# Work to complete:
Repeat everything in the data exactly except images.

# Dataset content:
§ §

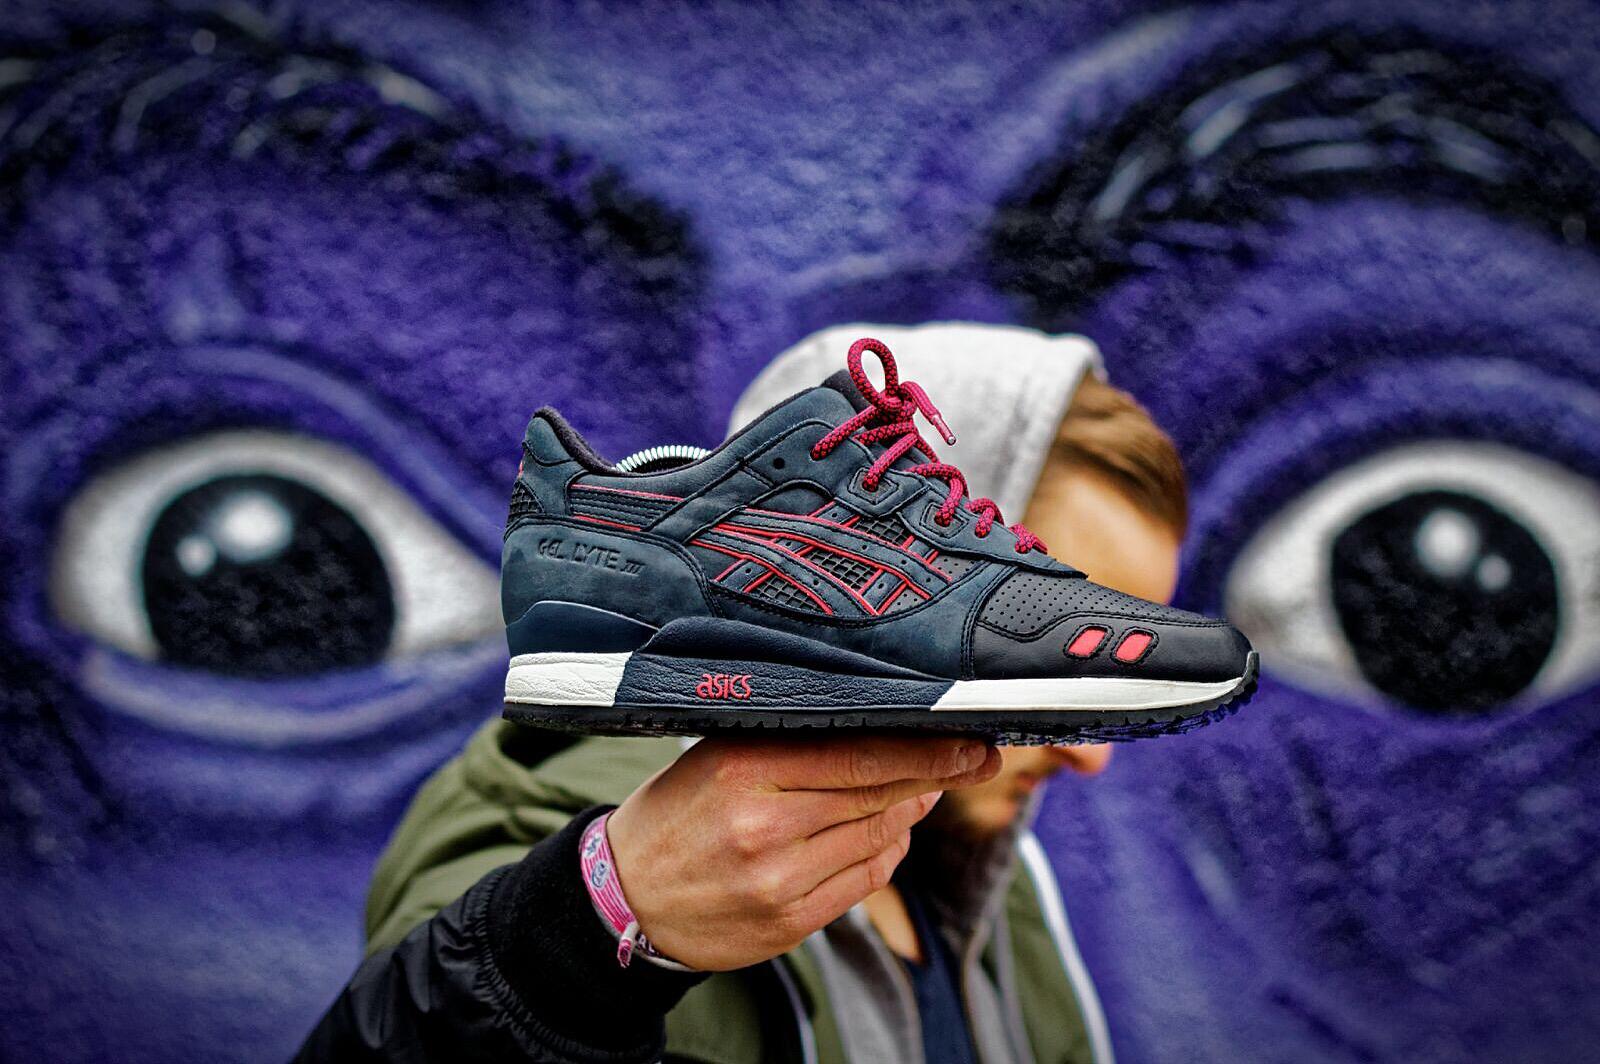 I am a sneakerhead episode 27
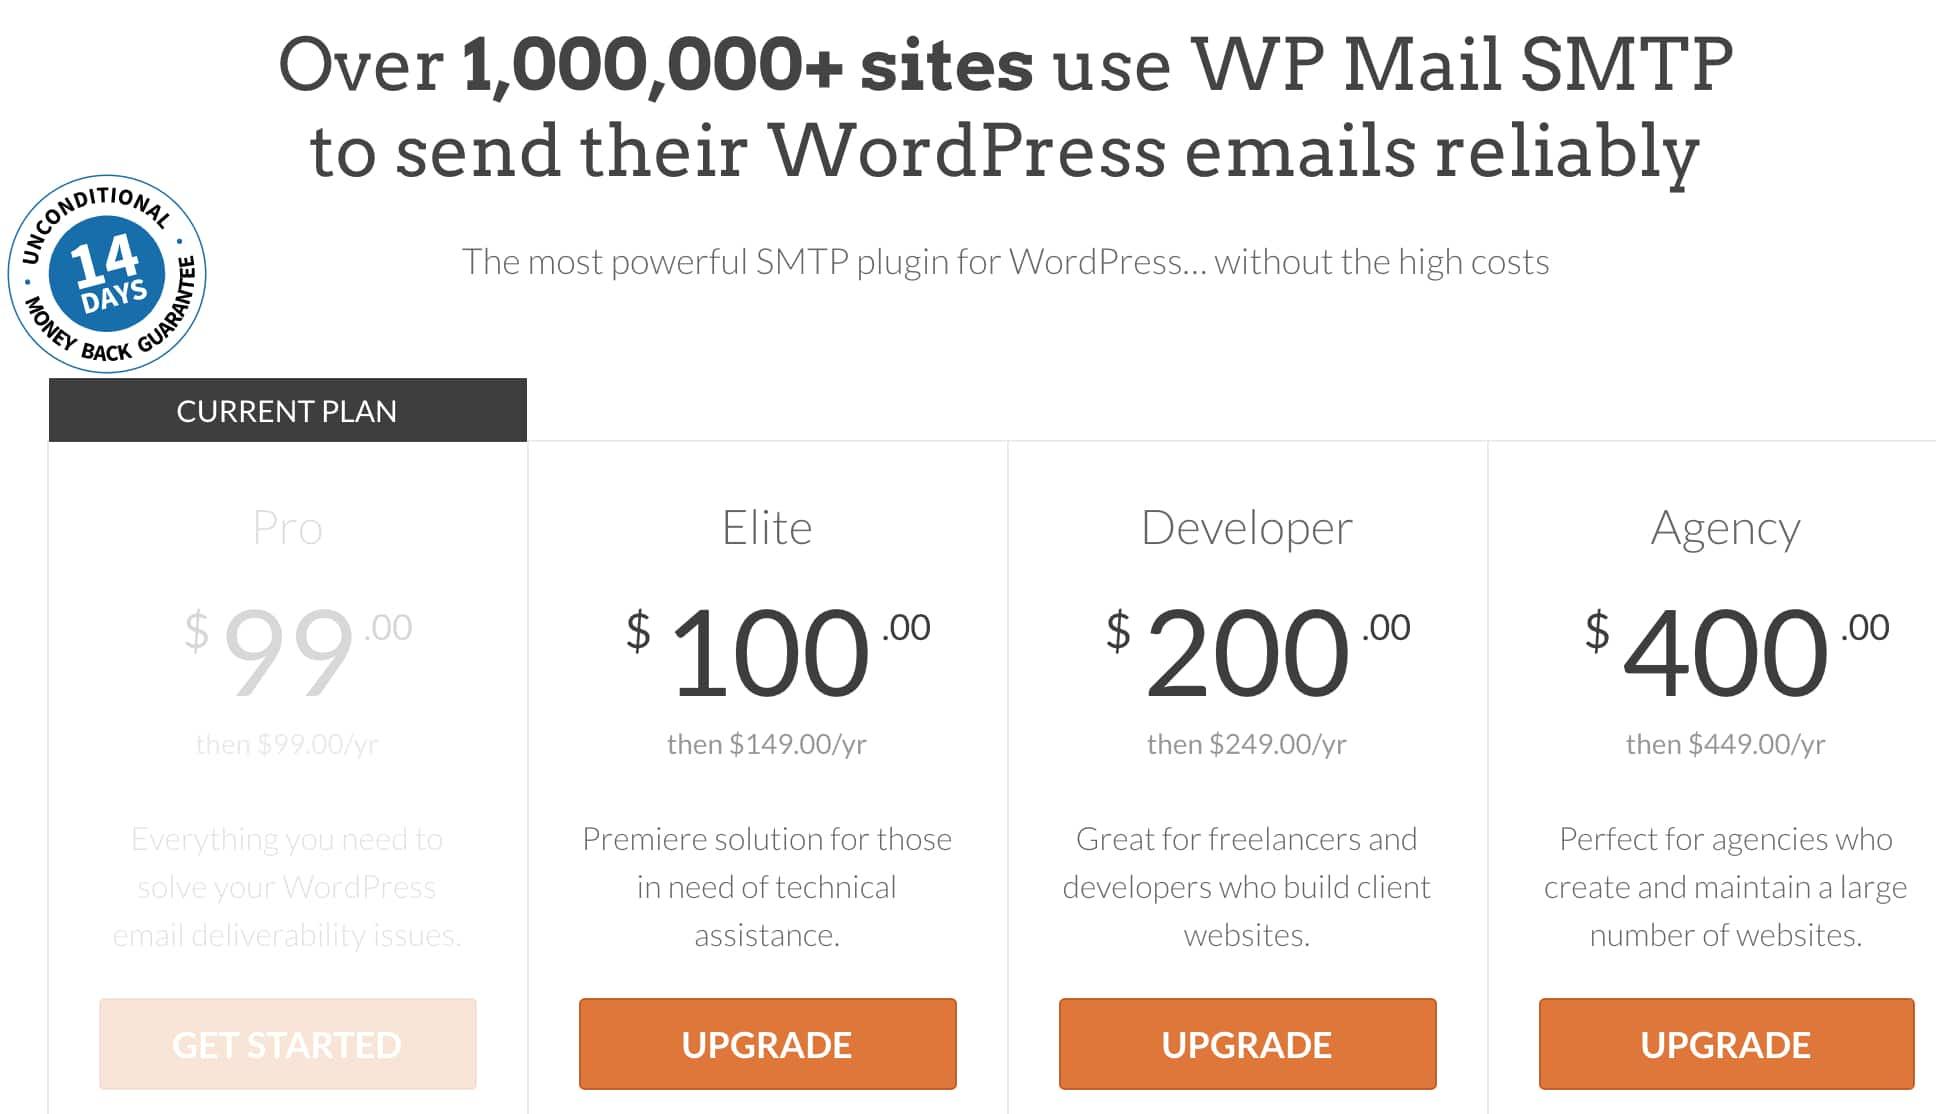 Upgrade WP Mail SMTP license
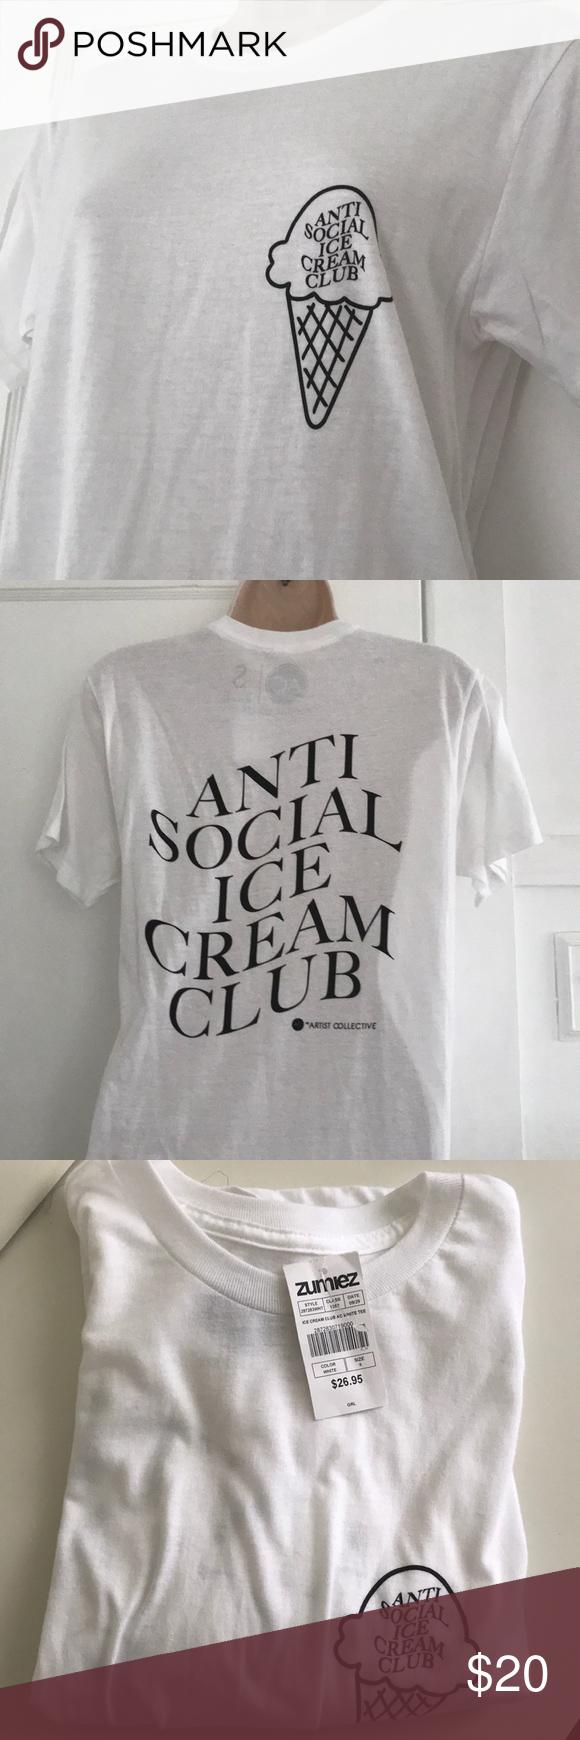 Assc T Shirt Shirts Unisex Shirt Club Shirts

§ §

# Answer to the problem:
 I am a sneakerhead episode 27
 Upgrade WP Mail SMTP license
 Assc T Shirt Shirts Unisex Shirt Club Shirts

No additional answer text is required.